South Yorkshire Police corruption working alongside Metropolitan Police corruption

Even after the trials collapsed in 85 SYP still carried on as per the norm.

4 years later there will have still been active serving police who were at Orgreave who would have been at Hillsborough

Unaccountable again

Thatcher gave them that, the power to beat and kill working class people. To break the Unions, to put hard working hands against hard working hands in tight knit communities, the miners, the steelworkers, the print unions, the football fan.
People died because of her hatred of that unity.

Evil, evil woman and she liked to bare witness to her evil hand

Not sure if she visited the pit villages/towns after the miners strike where so many lives where ruined, but she certainly went to see for herself what she oversaw at Hillsborough and she certainly came to Teesside to make sure she`d erased steelworking.
 
not watched the series - however always thought it was an ideological dispute (conflict) by the two 'leaders' & badly handled by both.

Thatcher didn't care - at all - about people or communities just about her ideology & legacy.. Scargill was a front, he used his union position to benefit himself & his power to make his followers do as he wanted.. one used the police & army the other miners to fight their battle..
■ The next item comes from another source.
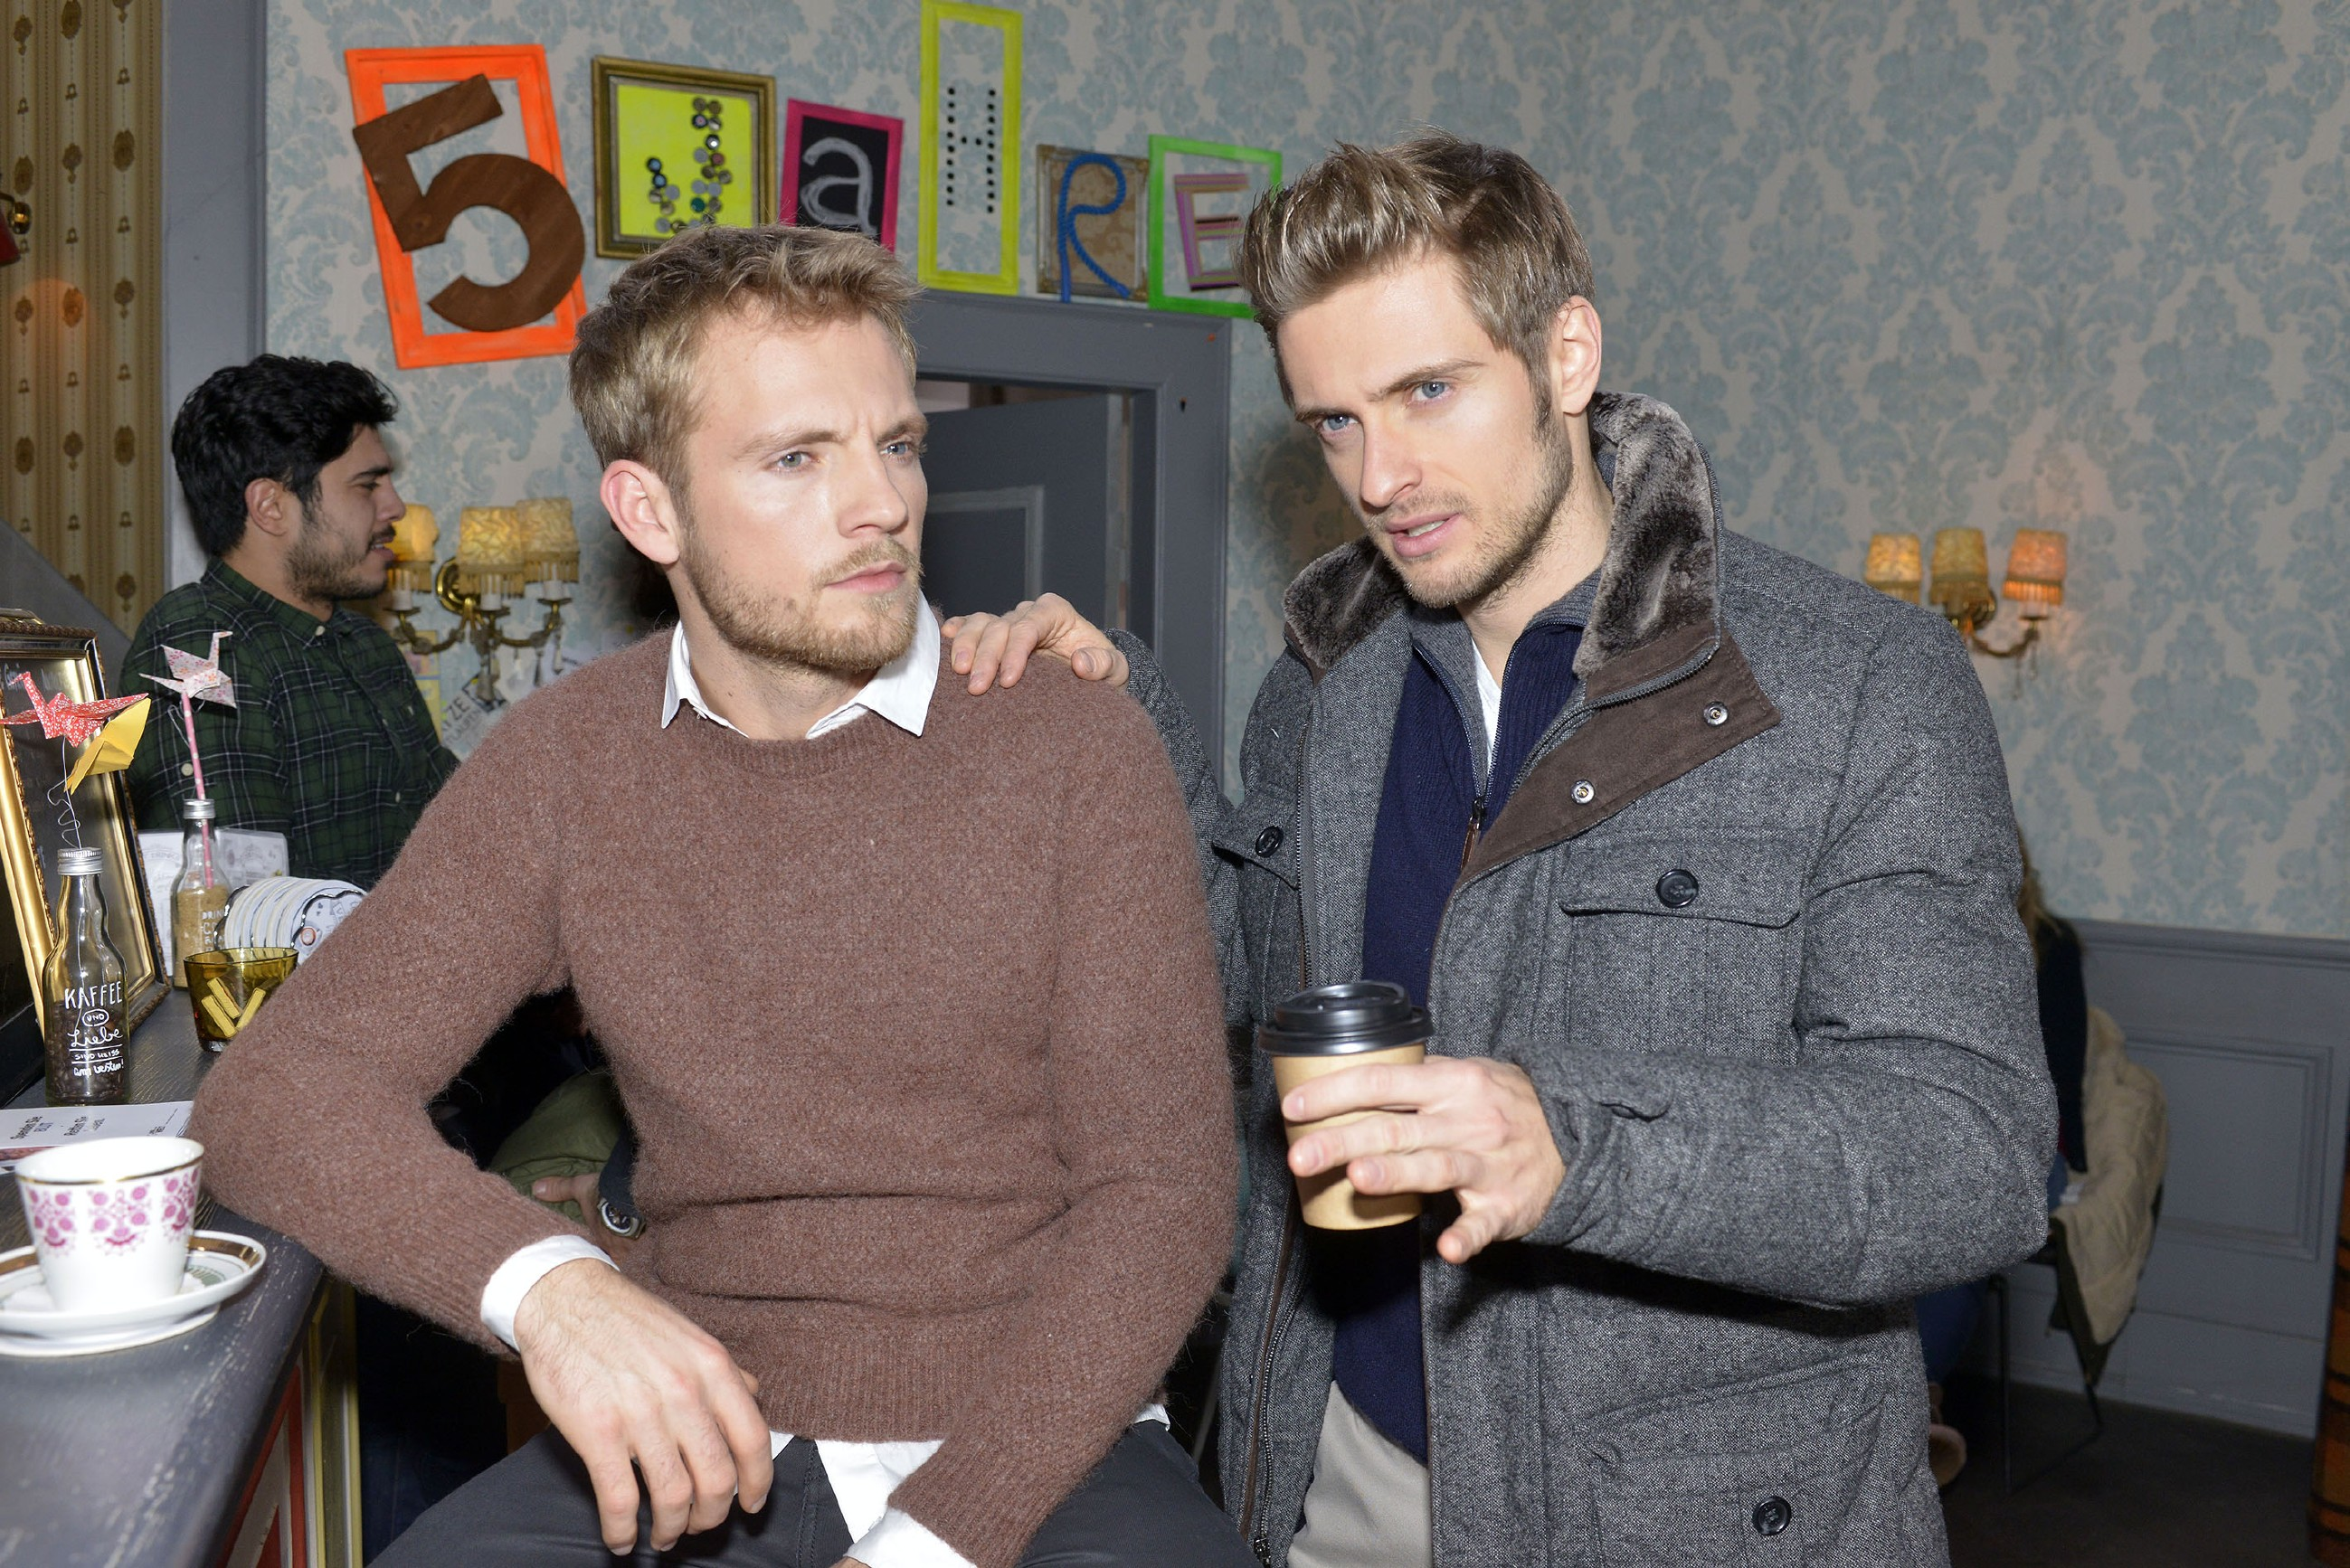 Philip (Jörn Schlönvoigt, r.) gibt Paul (Niklas Osterloh) Ratschläge für den Umgang mit Emily. (Quelle: RTL / Rolf Baumgartner)
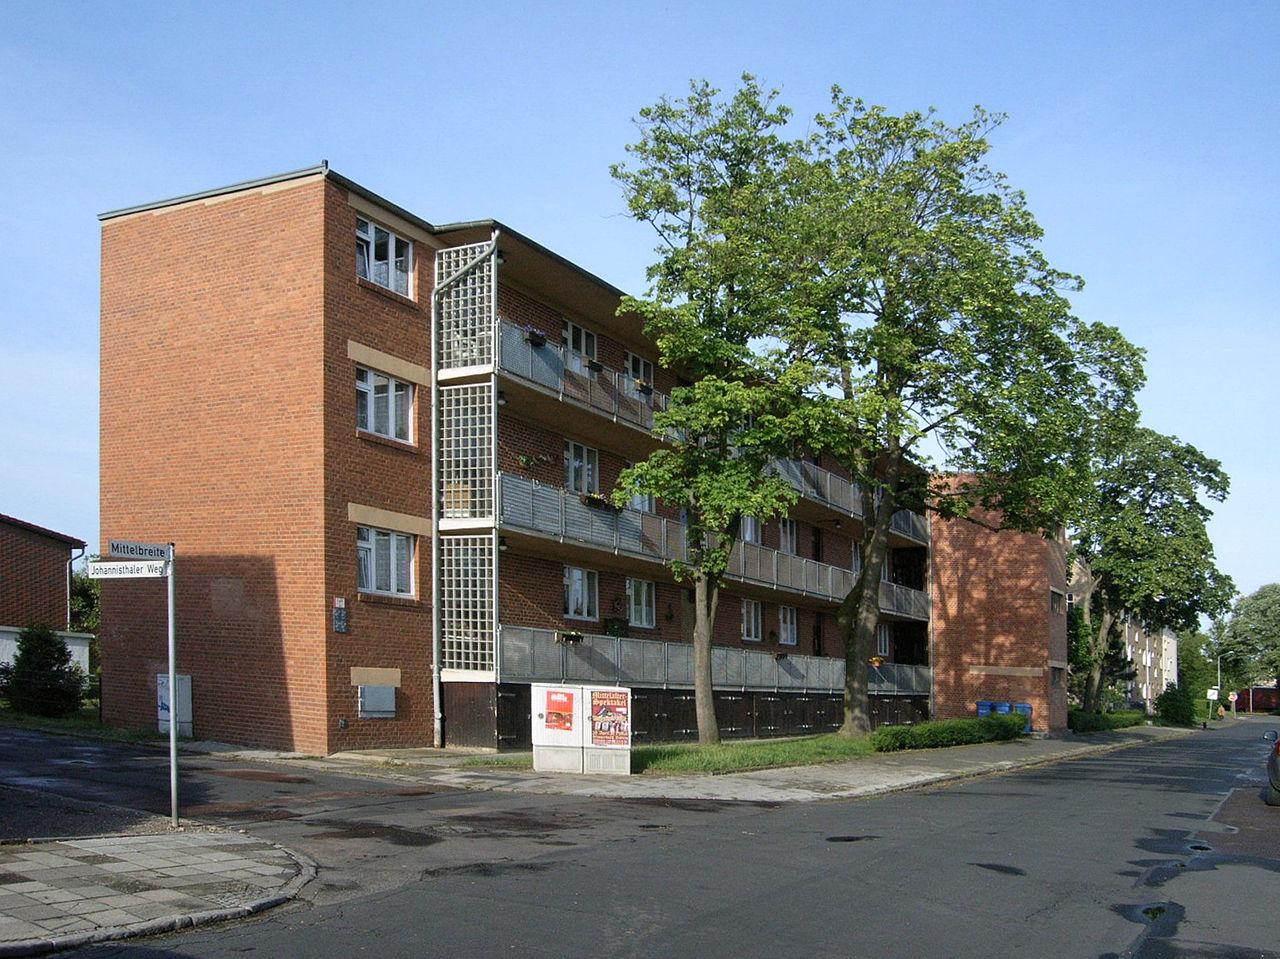 Bild Laubenganghäuser Dessau

Mining was obliterated rather than managed reduction & entire communities were just left with no future.. & that was all on Thatcher..
 
not watched the series - however always thought it was an ideological dispute (conflict) by the two 'leaders' & badly handled by both.

Thatcher didn't care - at all - about people or communities just about her ideology & legacy.. Scargill was a front, he used his union position to benefit himself & his power to make his followers do as he wanted.. one used the police & army the other miners to fight their battle..

Mining was obliterated rather than managed reduction & entire communities were just left with no future.. & that was all on Thatcher..
Watch it.
 
I used to work with a fella from Easington who was a miner at this time.
He was telling me about the strikes, the police, flying pickets etc.
They used to set off by coach for different pits, and were always trying to avoid the police knowing that they'd be stopped from going anywhere further.
On the day of Orgreave the police made no attempt to stop them , and were basically waving them through as they got closer, then directed them to a field/ open land.
They all ended up at one of this field, the police all gathering at the other end.
The police eventually charged them, behind the miners was some woodland, a lot tried to escape through there, police with dogs were in there forcing miners back out into the oncoming police.
No wonder their hatred exists to this day.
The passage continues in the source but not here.